Those interested in the Barnett or other evolving shale-gas plays hear lots about shale geochemistry, drilling, completion, and stimulation techniques. But there are geological concepts that need to be understood as well. The Bureau of Economic Geology (BEG), Jackson School of Geosciences, at the University of Texas shared results from its study of the Barnett Shale in PTTC workshops in Houston and Midland, Tx.

About 400 billion cubic feet a year, or 2 percent of U.S. natural gas consumption, now comes from the Barnett Shale. There were 5,200 wells in mid-2006 and rapid development continues. There are surface issues in urban areas, and since very large water fracs are the stimulation of choice, freshwater use/supply is a concern.
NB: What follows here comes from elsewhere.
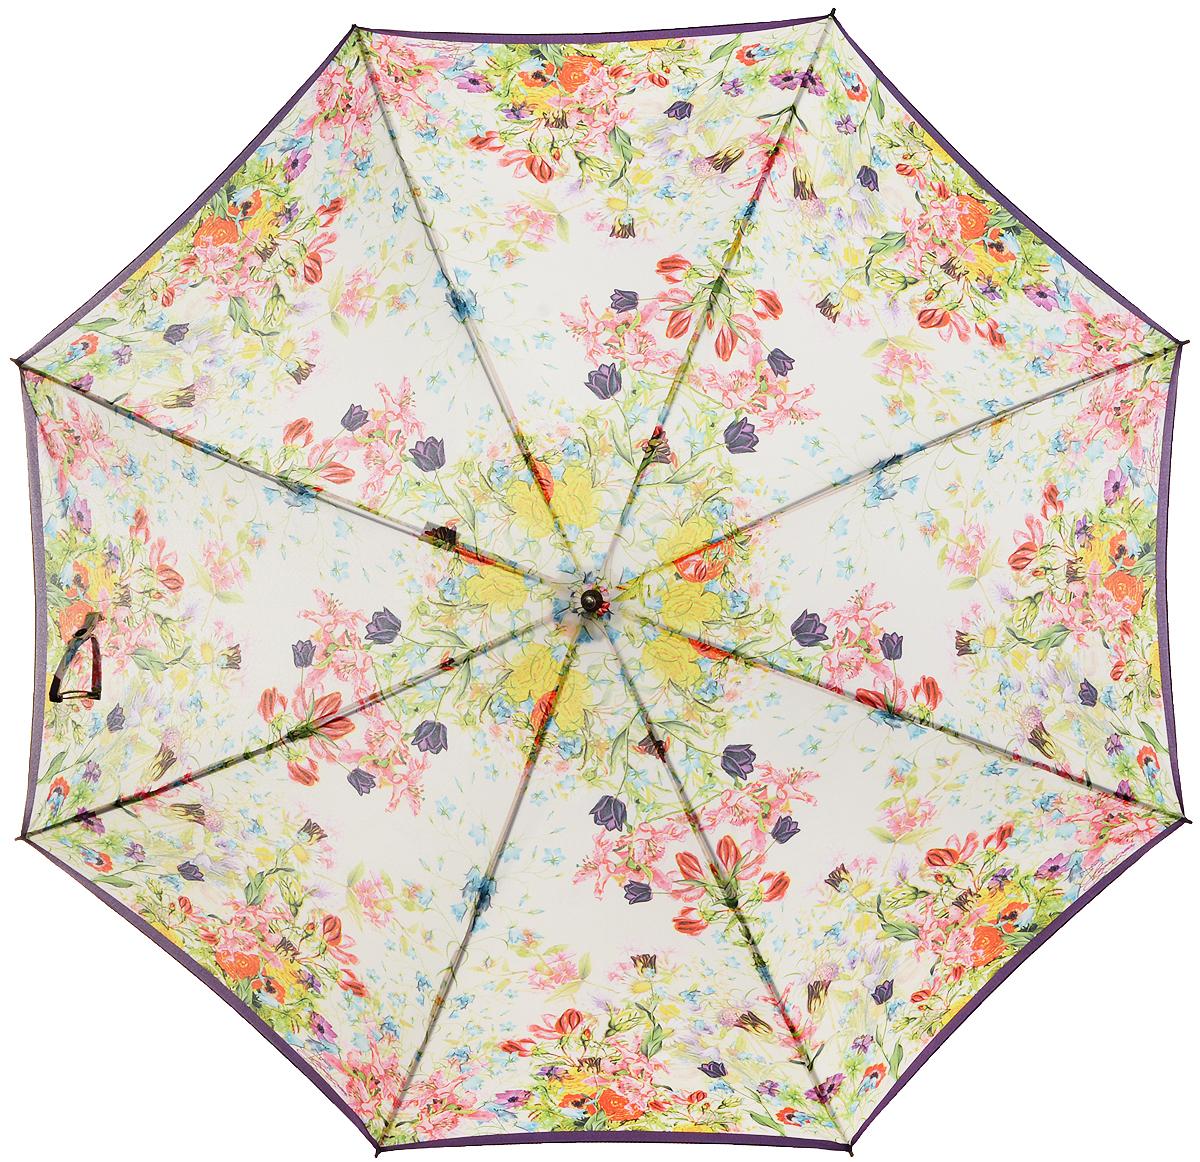 Зонт-трость женский Eleganzza, полуавтомат, 3 сложения, цвет: молочный, мультиколор. T-06-0294T-06-0294Элегантный женский зонт-трость Eleganzza не оставит вас незамеченной. Изделие оформлено оригинальным принтом в виде цветов. Зонт состоит из восьми спиц и стержня, изготовленных из стали и фибергласса. Купол выполнен из качественного полиэстера и эпонжа, которые не пропускают воду. Зонт дополнен удобной ручкой из акрила, которая имеет форму крючка. Также зонт имеет заостренный наконечник, который устраняет попадание воды на стержень и уберегает зонт от повреждений. Изделие имеет полуавтоматический механизм сложения: купол открывается нажатием кнопки на ручке, а складывается вручную до характерного щелчка. Оригинальный и практичный аксессуар даже в ненастную погоду позволит вам оставаться женственной и привлекательной.

Horizontal wells have become prominent. Horizontal completions are moving toward tighter lateral spacing (from 1,500 to 500 feet), longer laterals (from 3,500 to 5,000 feet), from uncemented to cemented laterals, toward tighter perforation spacing, and to more stages. Underbalanced drilling can reduce cost by 25 percent or more through improved penetration rates (double) and reduced bit requirements, plus there is less formation damage. One speaker noted that "with continued technology evolution and expansion to noncore areas," activity will continue strong as long as gas price stays above $4 an Mcf.

But some big picture questions remain. How many refracs per well? How will regional pressure drawdown and resulting gas desorption affect decline curves? Will regional depressur-ing and a multicounty linked-frac mosaic result in free gas migration westward? With 80 percent of gas left in place after the current round of development, what forms of enhanced gas recovery will be effective? BEG’s work goes a long way toward addressing geological questions.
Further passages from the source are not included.